Use this page as the canonical mental model for how Context’s server-managed agentic flow works across both public Query surfaces:
  • /api/v1/query for SDK/API callers
  • /api/chat for the first-party chat UI
The two routes are not separate orchestration systems. They are two entry surfaces over the same core flow:
  1. Normalize the request
  2. Discover or accept selected tools
  3. Choose a depth lane
  4. Build pre-plan evidence
  5. Decide whether to answer, clarify, or capability-miss
  6. Plan and execute
  7. Check completeness, synthesize, and settle

Shared Mental Model

The simplest way to reason about the runtime is:
  • Discovery/selection decides the tool universe
  • The pre-plan probe decides what the runtime knows before planning
  • Method reasoning produces both an execution track and an ambiguity track
  • Clarification decides whether the user must disambiguate before planning/execution
  • Planning/execution only start after clarification has either not triggered or has been resolved
That placement is intentional.
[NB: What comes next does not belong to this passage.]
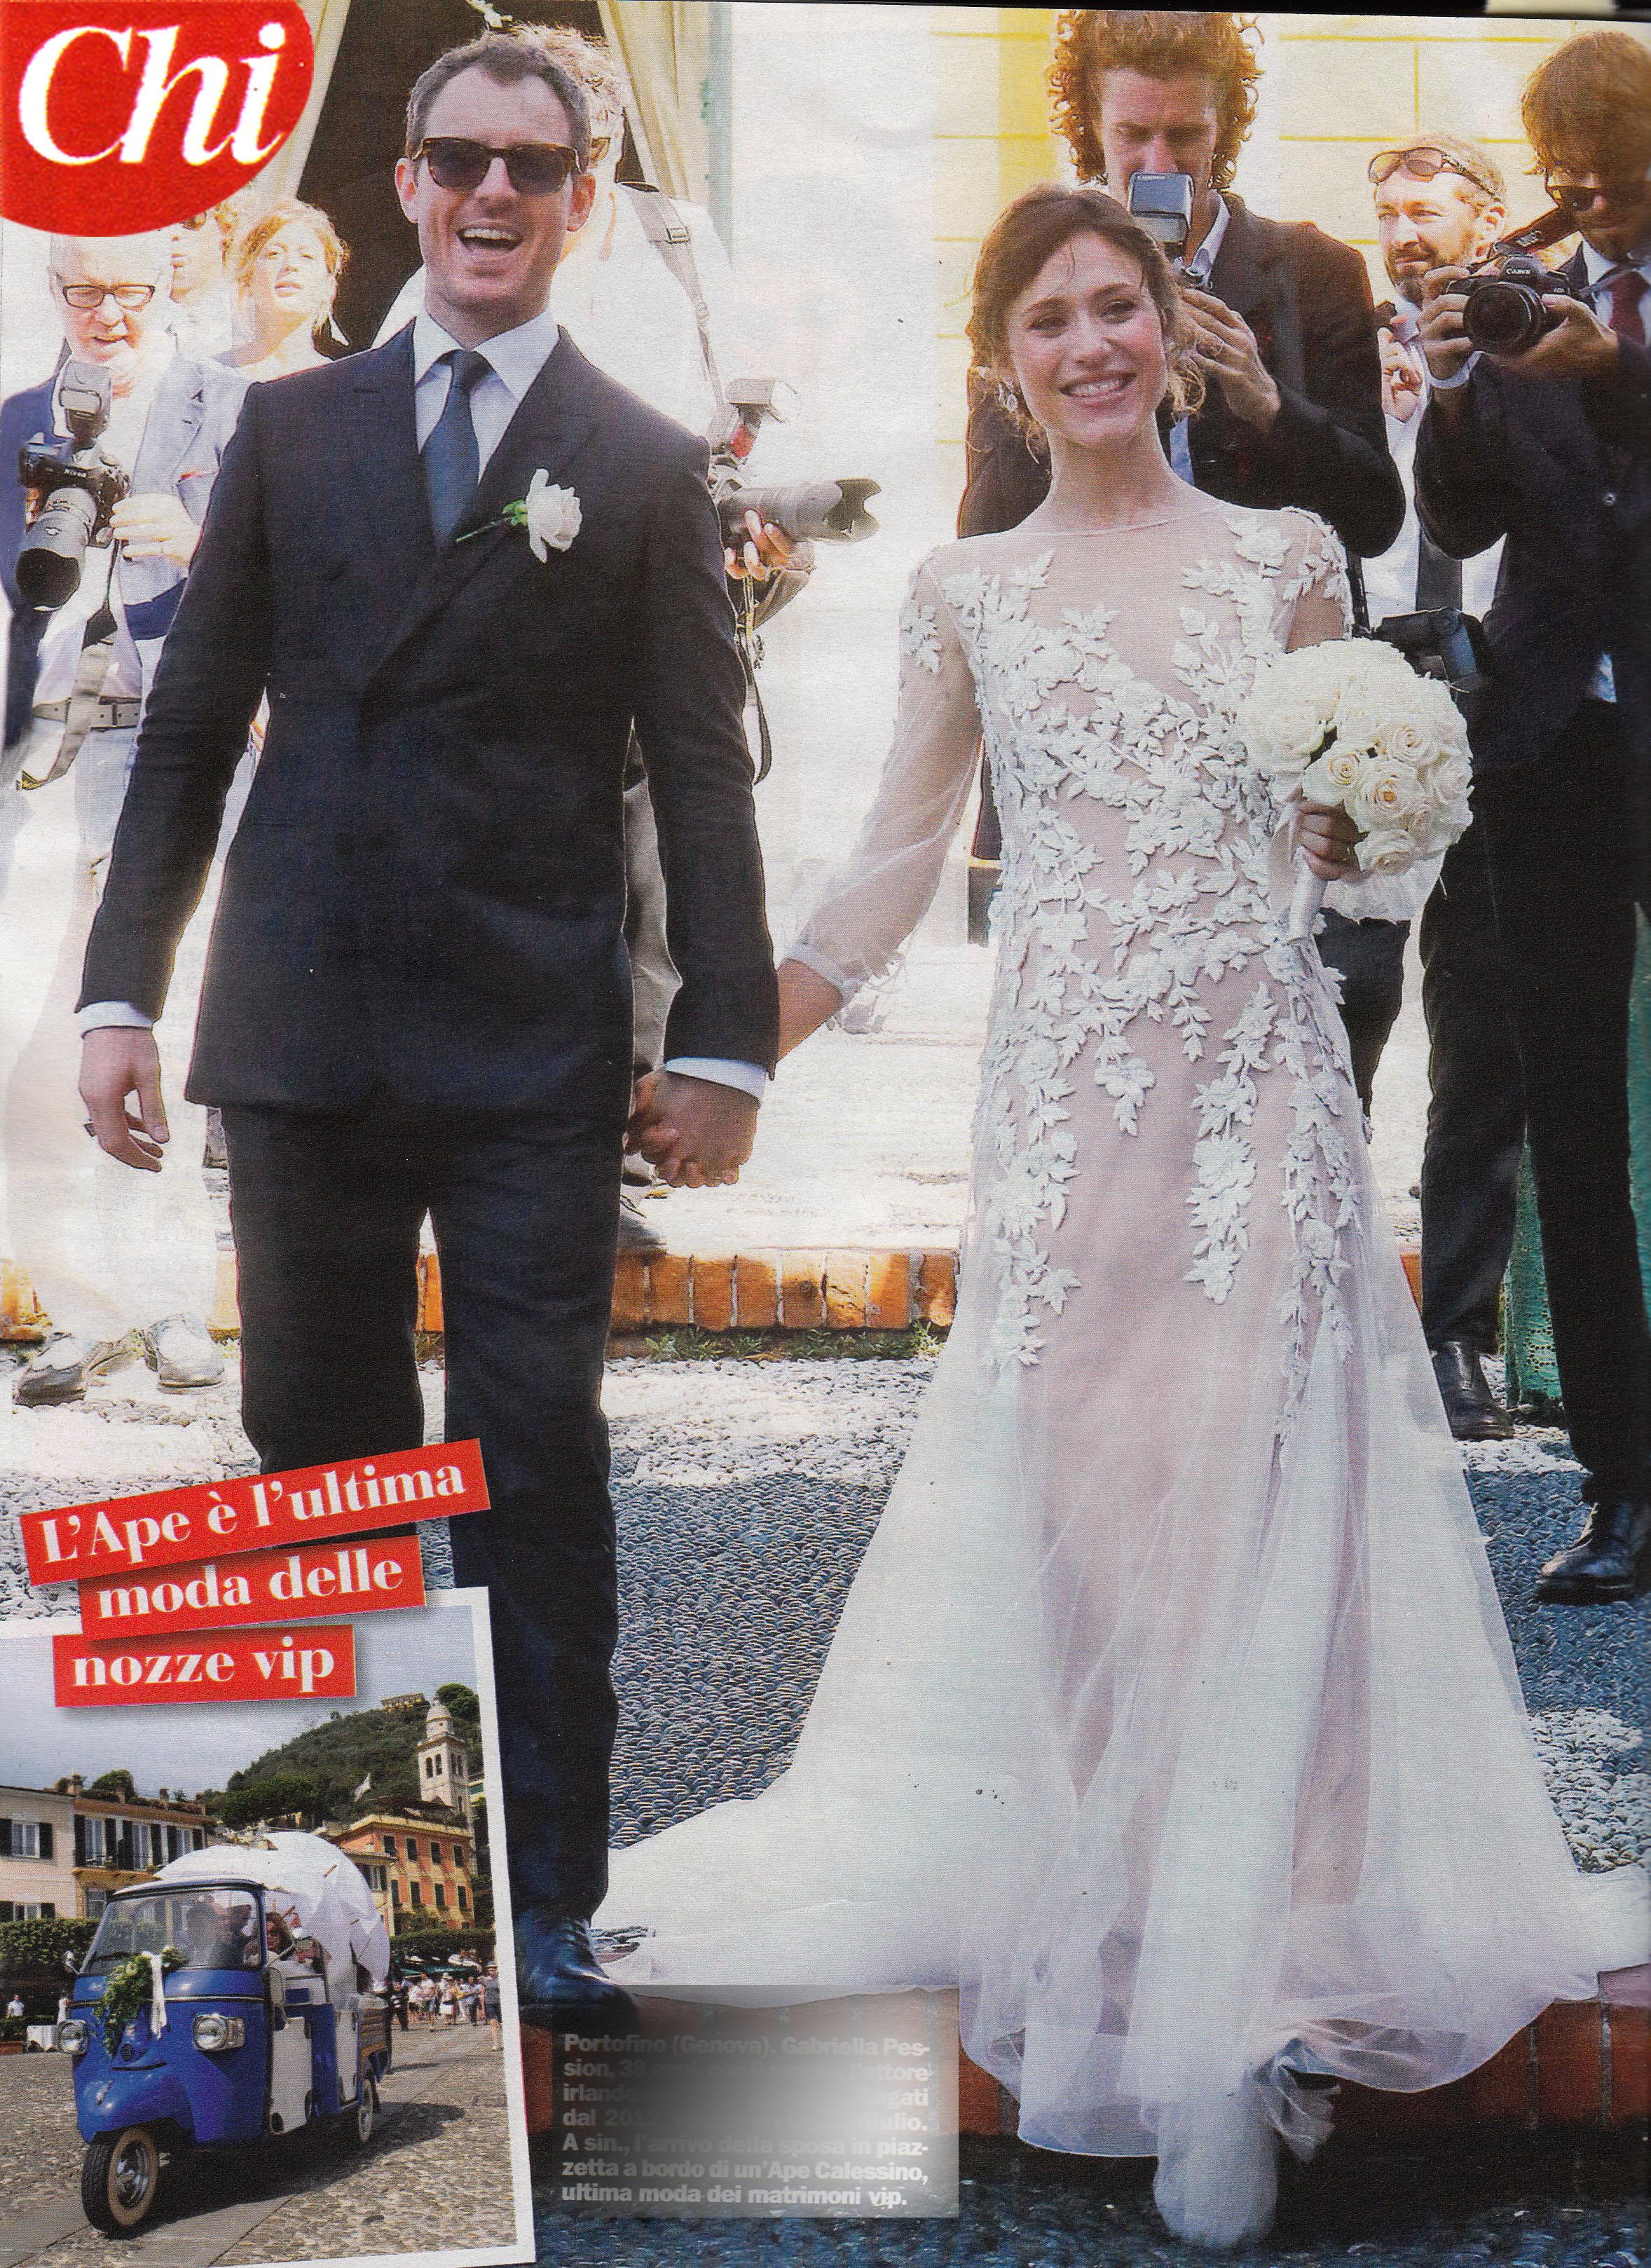 Favoloso Gabriella Pession, matrimonio a sorpresa a Portofino - Tgcom24 OM62

Clarification is a gate between tool selection and planning, not a post-planning UX patch.

Route Responsibilities

/api/v1/query

This is the SDK/API surface. It accepts things like:
  • query
  • pinned tools
  • queryDepth
  • clarificationPolicy
  • includeDeveloperTrace
It is the best surface for precise regression testing because it exposes the most explicit controls.

/api/chat

This is the first-party conversational surface. It adds chat-session state and UI behavior, but it still uses the same depth/scout/clarification core. The main clarification-specific difference is policy mapping:
  • chat toggle off -> clarificationPolicy = "return"
  • chat toggle on -> clarificationPolicy = "auto"
That mapping is implemented through shared clarification policy logic so the chat route does not invent a separate ambiguity system.

Answer-Model Semantics

Both entry surfaces now expose only one public model knob: the answer model used for final synthesis.
  • Chat keeps the legacy wire field name selectedChatModel, but it is interpreted as the answer model for the final response.
  • /api/v1/query exposes answerModelId for the same purpose.
  • If responseShape="evidence_only", synthesis is skipped and no answer model runs.
  • Internal stages such as tool selection, clarification, planning, repair, and completeness checks stay on the managed portfolio rather than inheriting the public answer-model choice.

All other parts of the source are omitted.